1. Fitness vs. Cancer Mortality
The first paper is meta-analysis that summarizes the results of a number of studies on the relationship between fitness and cancer mortality. The results were pretty striking:
“Six prospective studies with an overall number of 71 654 individuals and 2002 cases of total cancer mortality were included. The median follow-up time in the studies was 16.4 years. Cardiorespiratory fitness showed a strong, graded, inverse association with total cancer mortality. Using low cardiorespiratory fitness as the reference group, intermediate and high levels of cardiorespiratory fitness were related to statistically significant decreased summary relative risks (RRs) of total cancer mortality of 0.80 [95% confidence interval (CI) 0.67-0.97] and 0.55 (95% CI 0.47-0.65), respectively. Studies that adjusted for adiposity yielded similar results to those that did not adjust for adiposity.”
This means that folks with high cardiorespiratory fitness have about half the risk of death from cancer as people in the low fit group. Usually, in these types of population studies “high fit” is defined as the ability to do “10 mets” of exercise. For example a person with a 10 met exercise capacity can typically run 6 miles (10 km) per hour for few minutes at the end of a maximum exercise test. This is also an exercise capacity that many if not most middle aged people can attain if they watch their weight and workout regularly. So while physical activity and cardiorespiratory fitness are not the same thing, many active middle aged people can get to 10 mets. The flip side of this relationship is that most highly fit people are also pretty active and they do at least some higher intensity exercise training which makes it likely they have a 10 met exercise capacity.
2. Fitness vs. Cardiovascular mortality
It has been known for a long time that increased fitness is associated with both lower all-cause mortality and lower cardiovascular mortality. A remaining question is whether this relationship flattens out at about 10 mets. In other words do people who can do more than 10 mets have even lower mortality?

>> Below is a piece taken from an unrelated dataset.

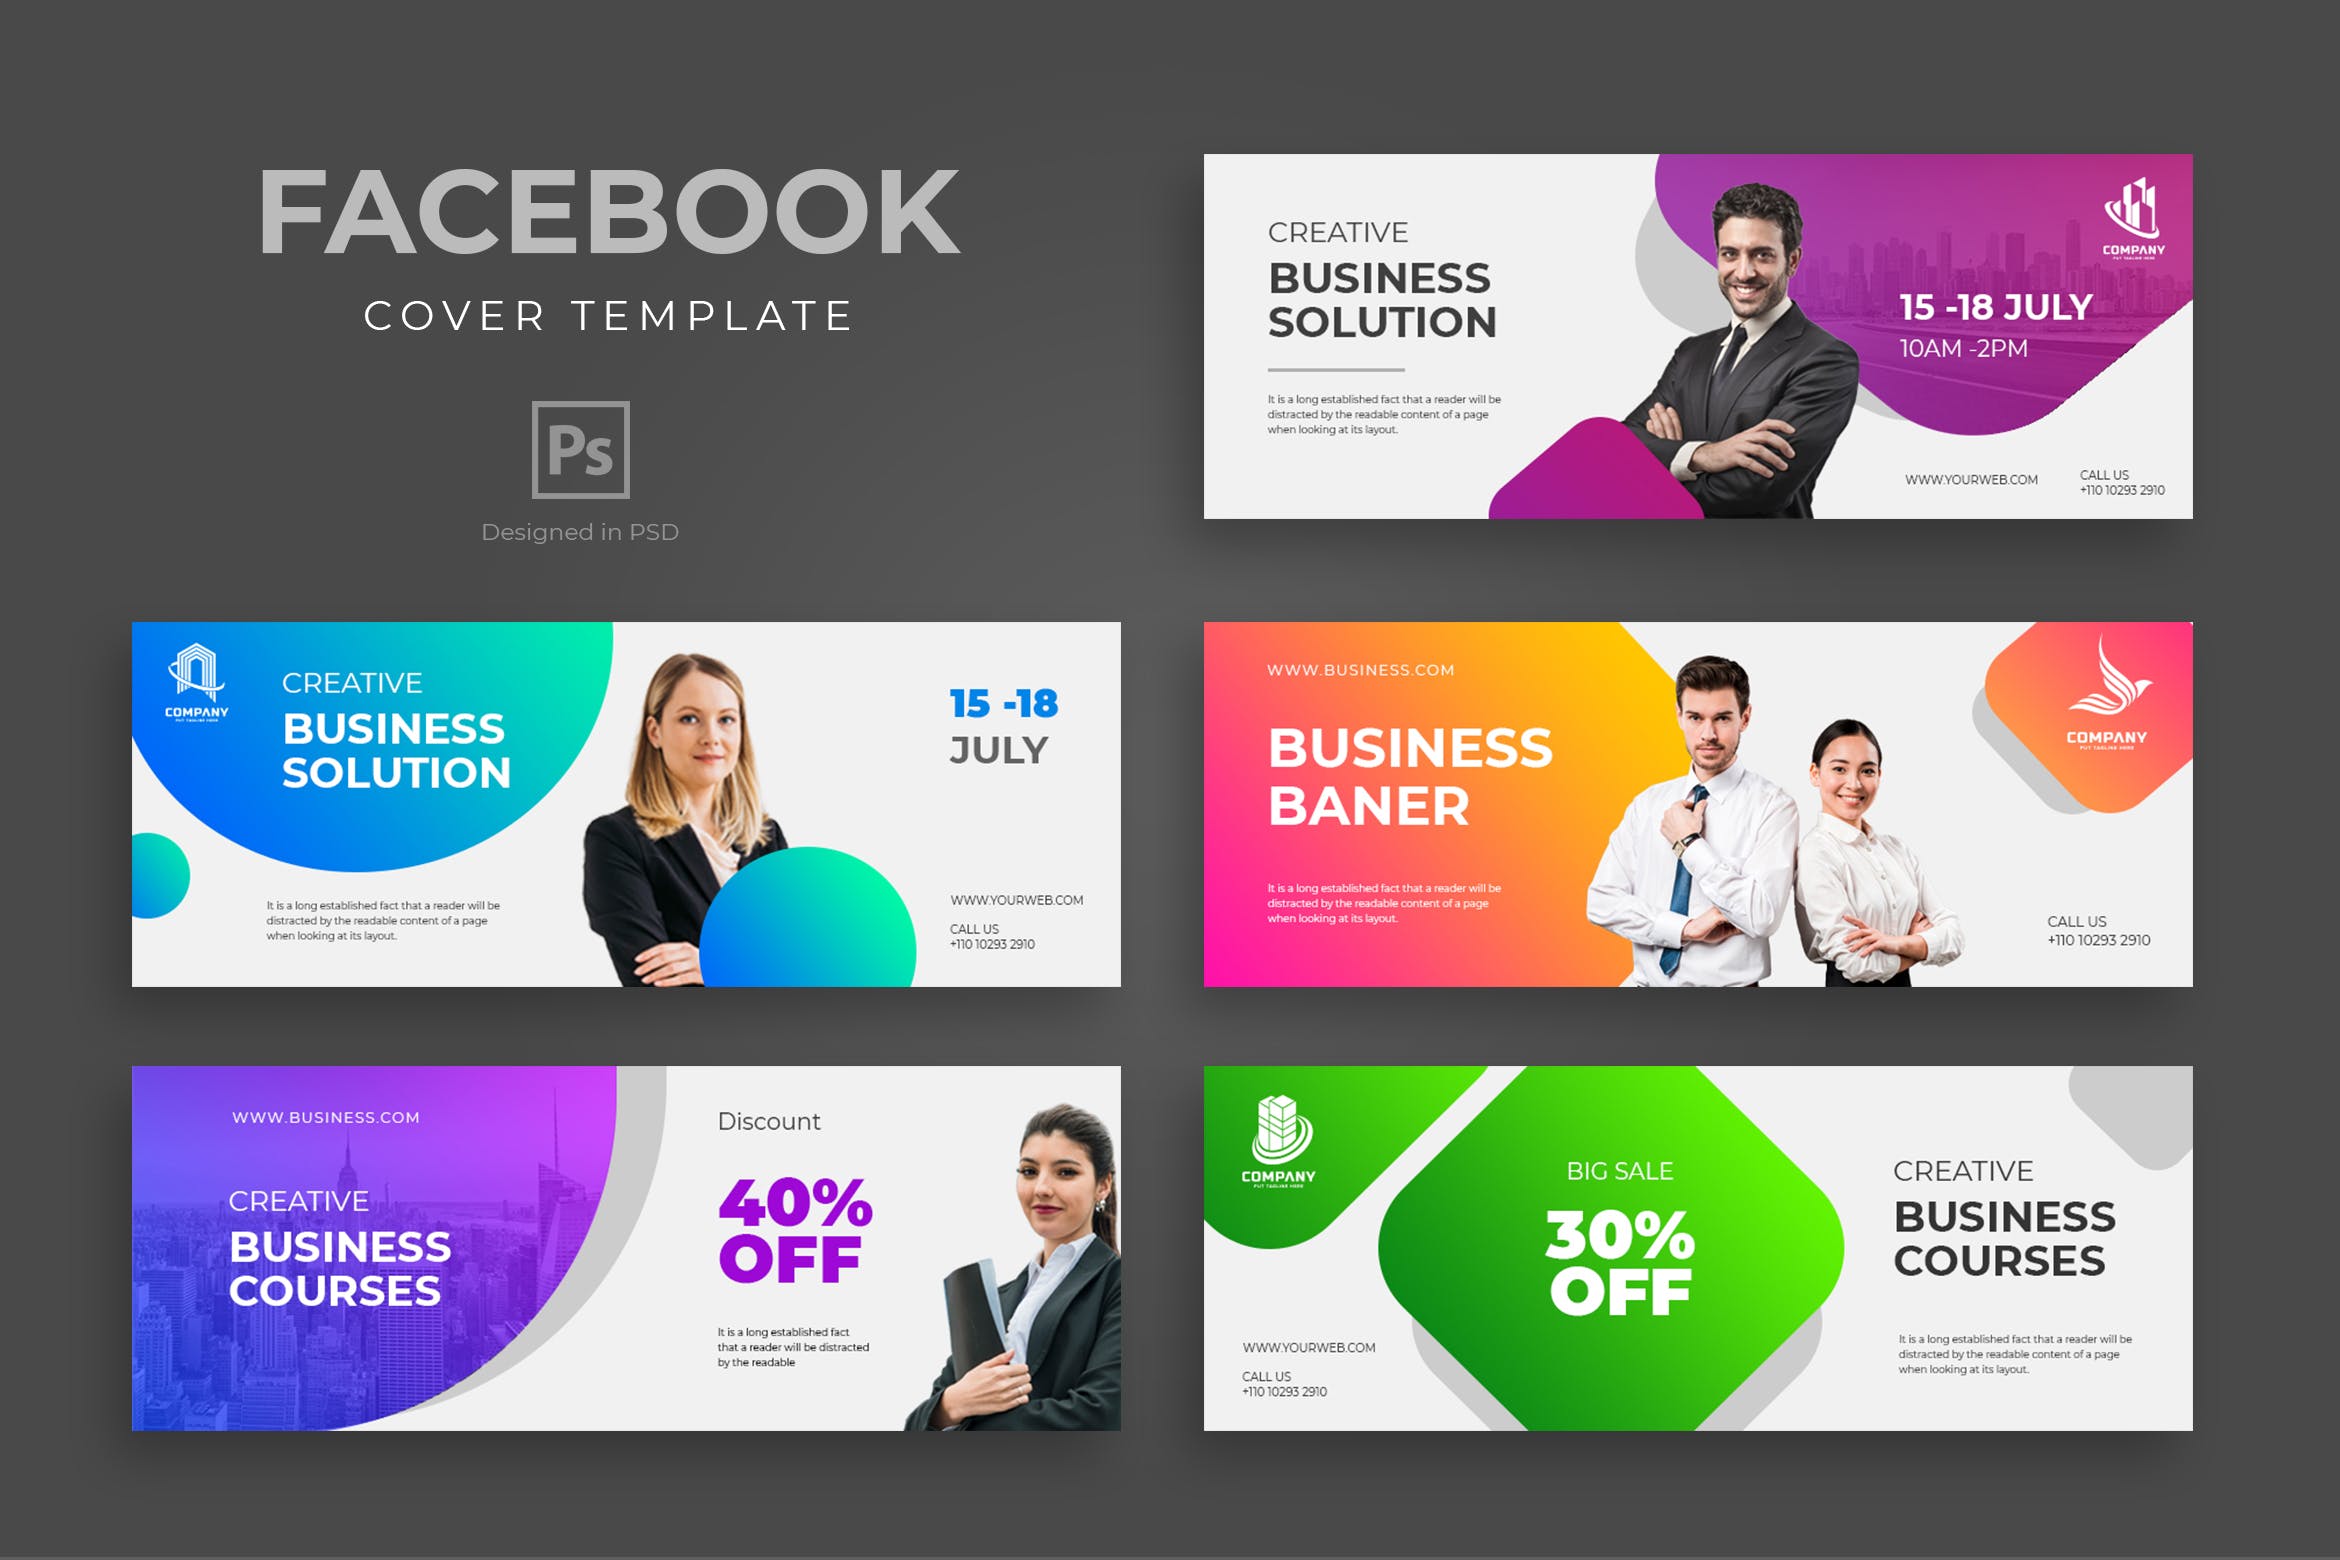 企业咨询服务Facebook主页封面设计模板第一素材精选 Business Facebook Cover Template插图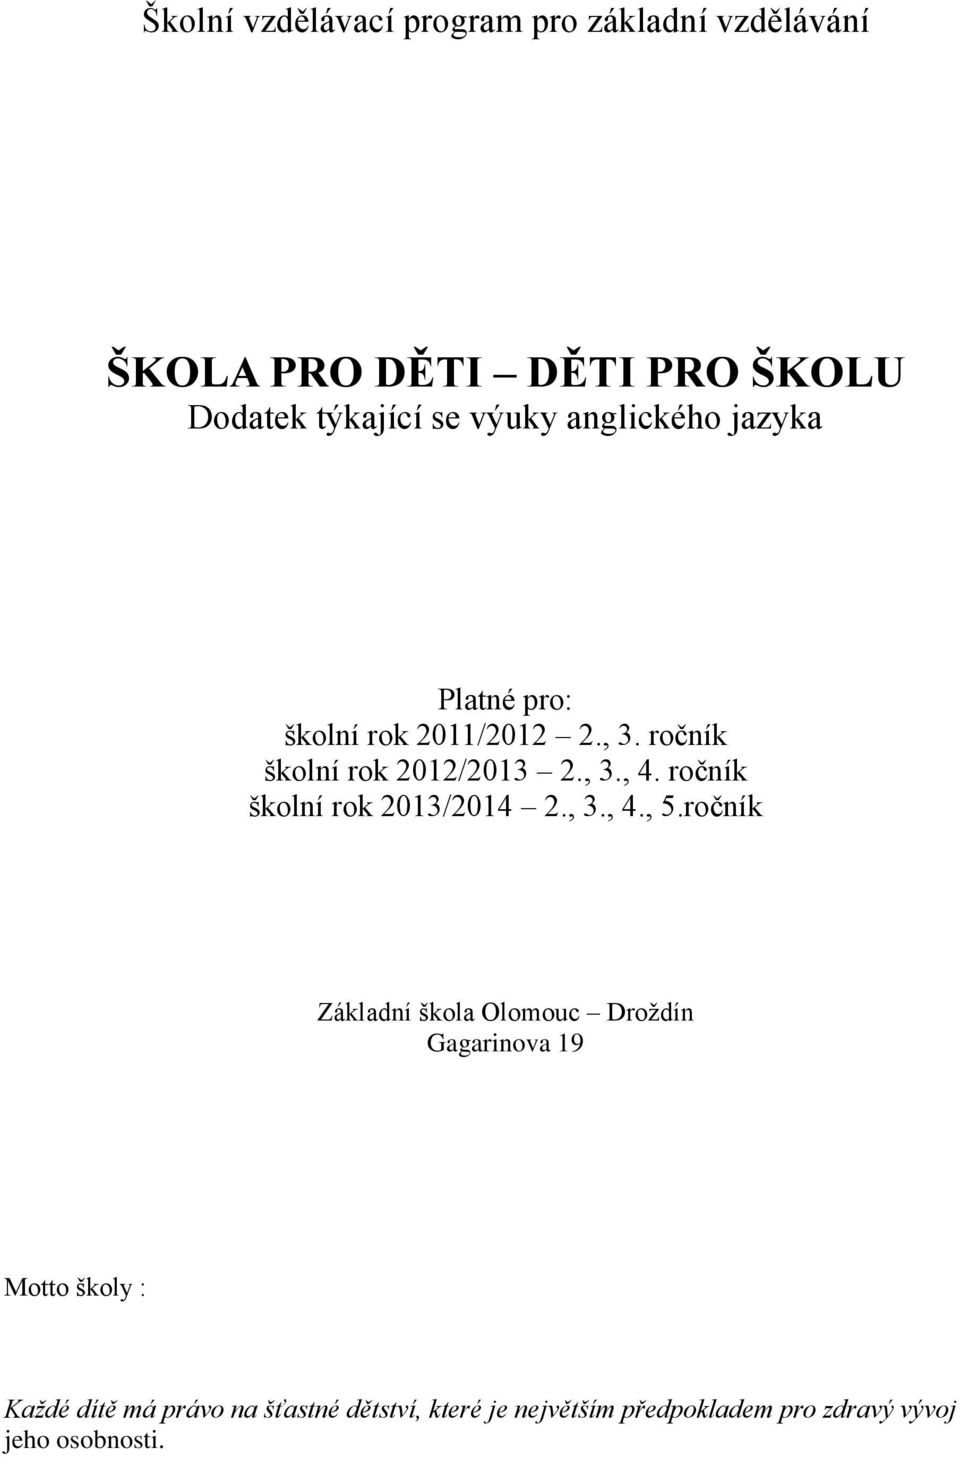 ročník školní rok 2013/2014 2., 3., 4., 5.

The graph below comes from a short report on this topic in almost 70,000 people (64% men) followed for about 12 years including about 38,000 with an exercise capacity of greater than 10 mets. The top panel shows that very high fitness was associated with lower mortality in all age groups. The bottom panel shows the dose response relationships between fitness for the entire study population. So greater fitness equals lower mortality.
Evidence for the protective effects of fitness and its close relative physical activity keeps piling up. The cancer data is especially heartening, and that fact that things don’t flatten out for fitness vs. mortality at very high levels of fitness is perhaps another piece of objective evidence against the too much exercise “hypothesis”.